Someone is WRONG on the internet. and I have to fix it. I love how xkcd comic knows exactly what I'm thinking about.
What do you want me to do?  LEAVE?  Then they'll keep being wrong!

Let's not talk about the implied stereotype of women in mathematics that tries to make this joke funnier, because that's nothing compare to getting the basic understanding of limit wrong.
Definition of limit according to wikipedia:

Let f be a function defined on an open interval containing c (except possibly at c) and let L be a real number.

\lim_{x \to c}f(x) = L

means that

for each real ε > 0 there exists a real δ > 0 such that for all x with 0 < |x − c| < δ, we have |f(x) − L| < ε.

A very convinient graph of the function 1/(x-8)

What did you know? according to the graph, there is no limit.
There are, of course, left-hand and right-hand limits.

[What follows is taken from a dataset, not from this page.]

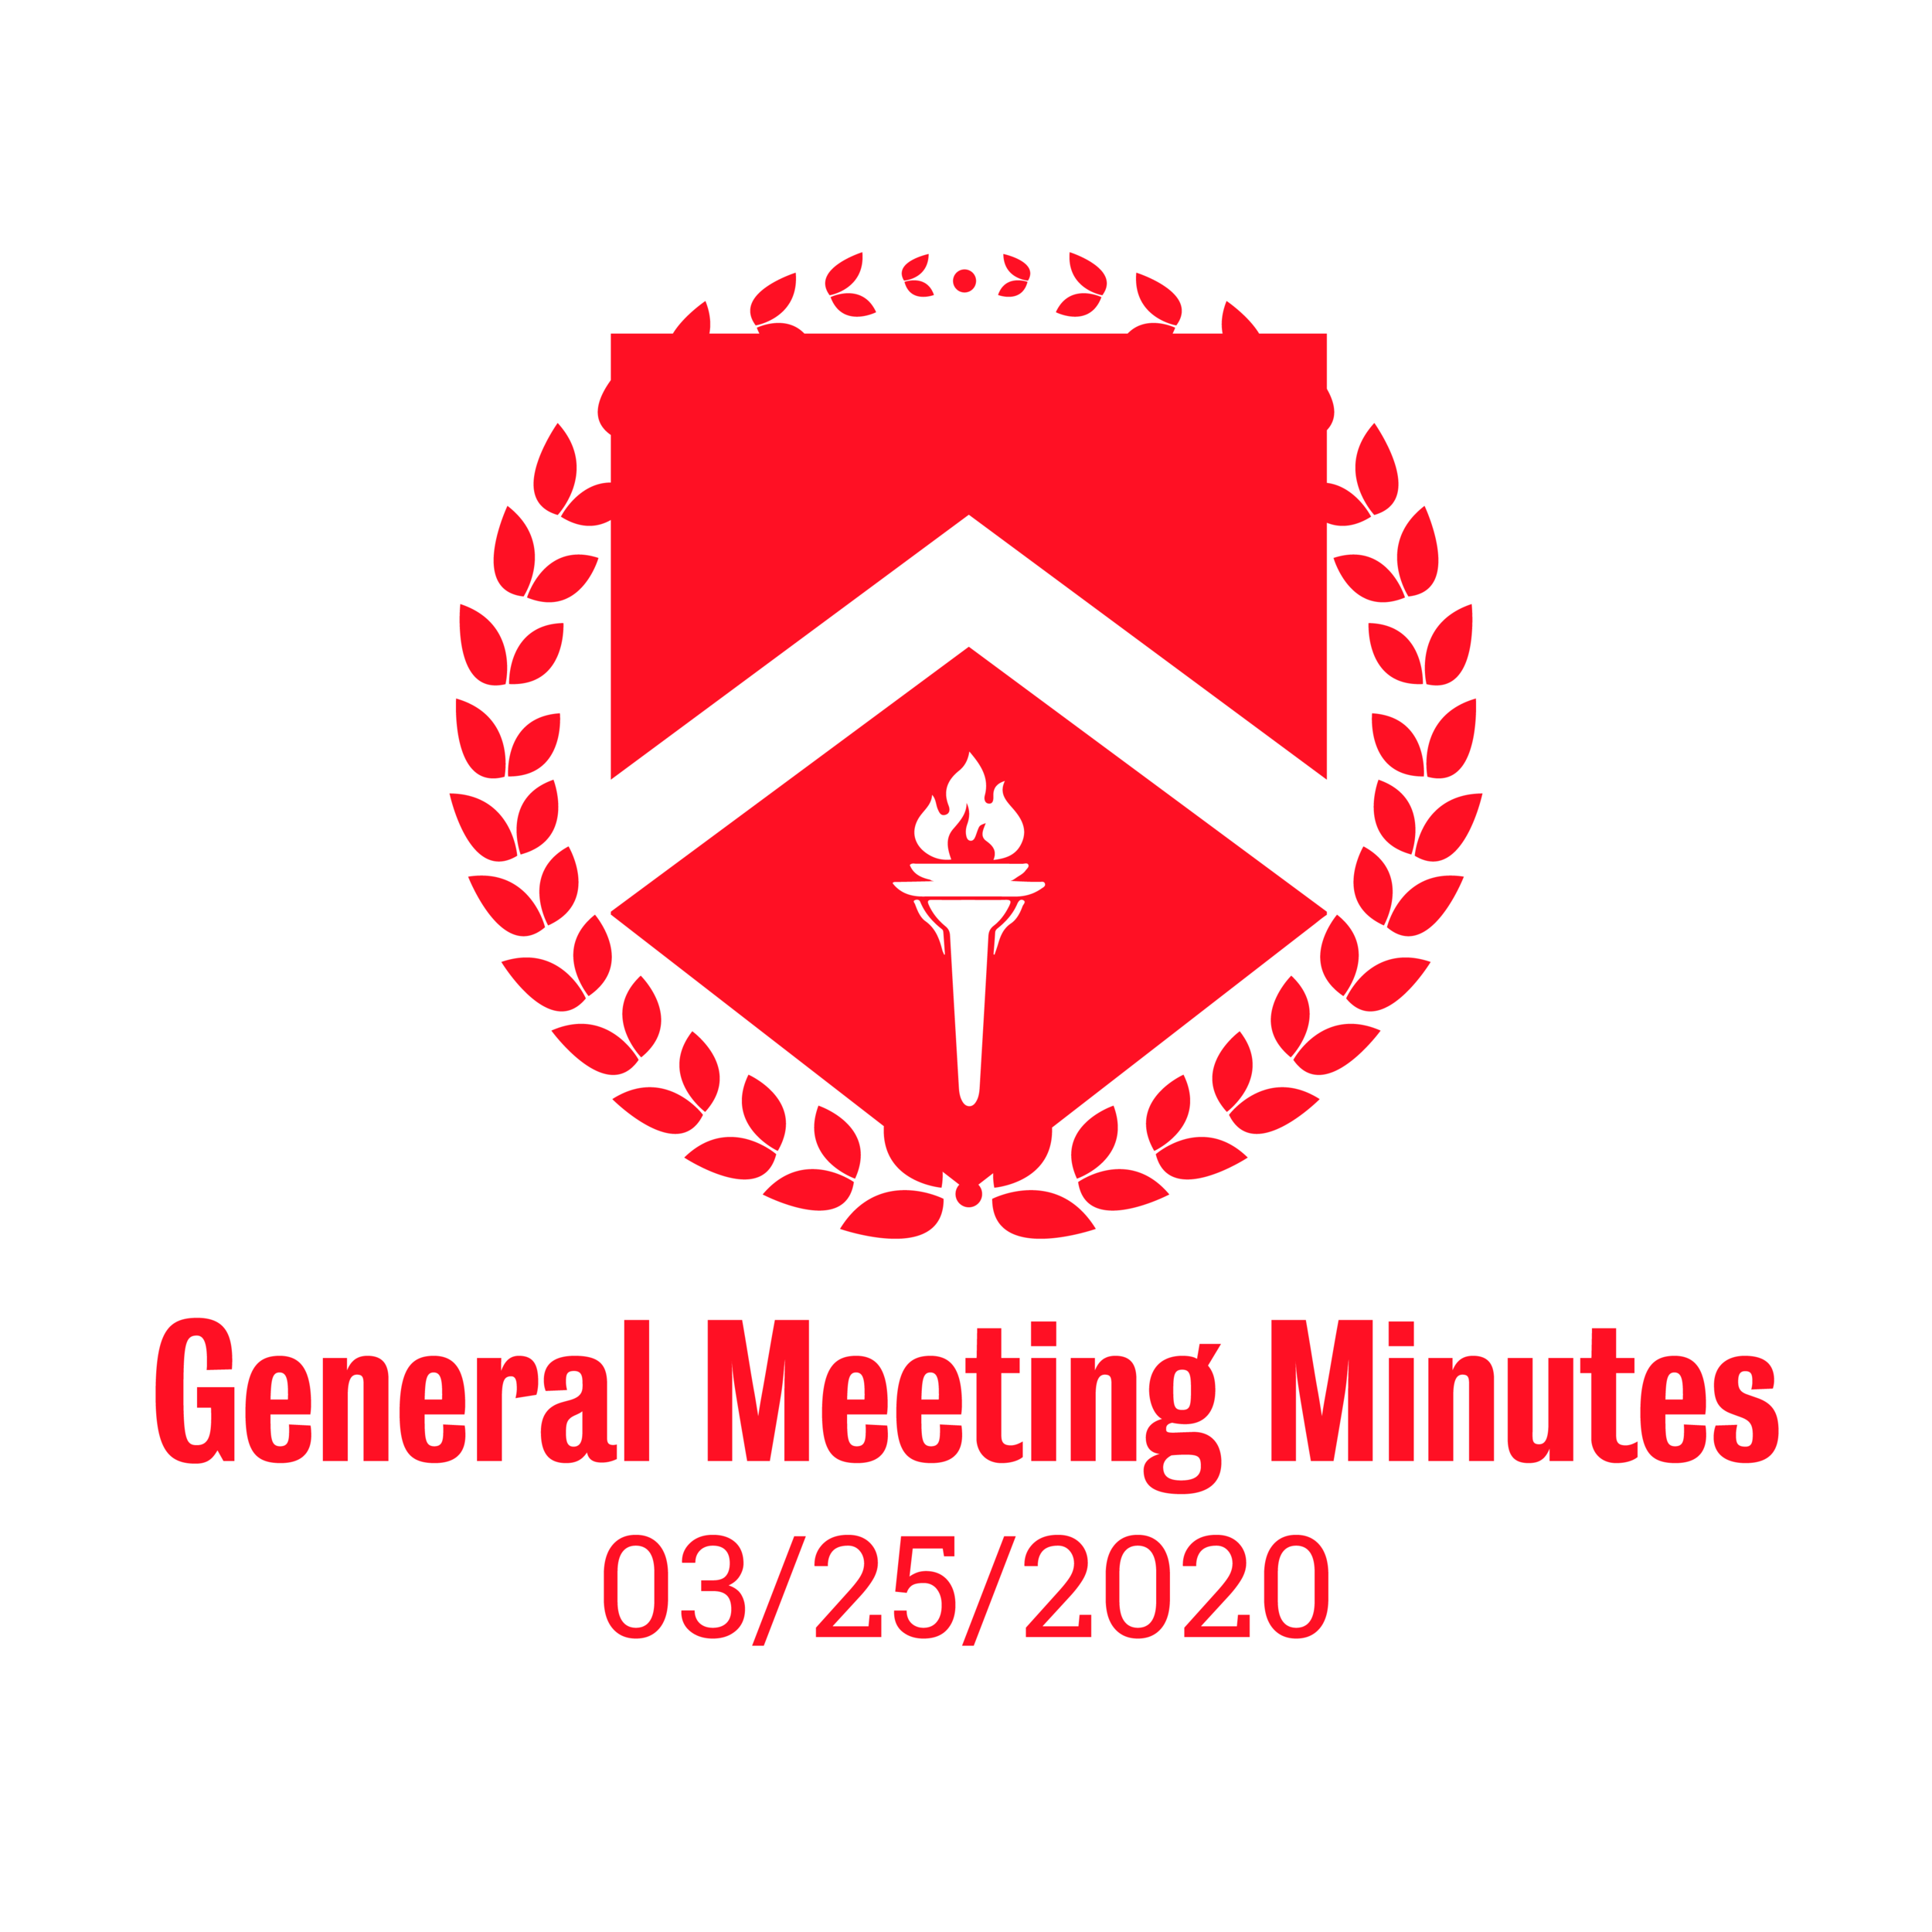 General Meeting Minutes 03/25/2020

So the real joke should be something like this.
\lim_{x \to 8^+}(\frac{1}{x-8}) = \infty
\lim_{x \to 8^-}(\frac{1}{x-8}) = -\infty

Really, letting math jokes like this going around can hurt people on their tests, I learned it the hard way.

There is a interesting point I can make to make this math joke correct.
If we don't consider this problem in the usual first year college calculus's extended real number line, where there are 2 different kind of infinity. \infty and -\infty, but to consider it in real projective line, then that is correct.
But really. How can a student can't understand the material of 1st year college calculus and working on calculus on real projective line?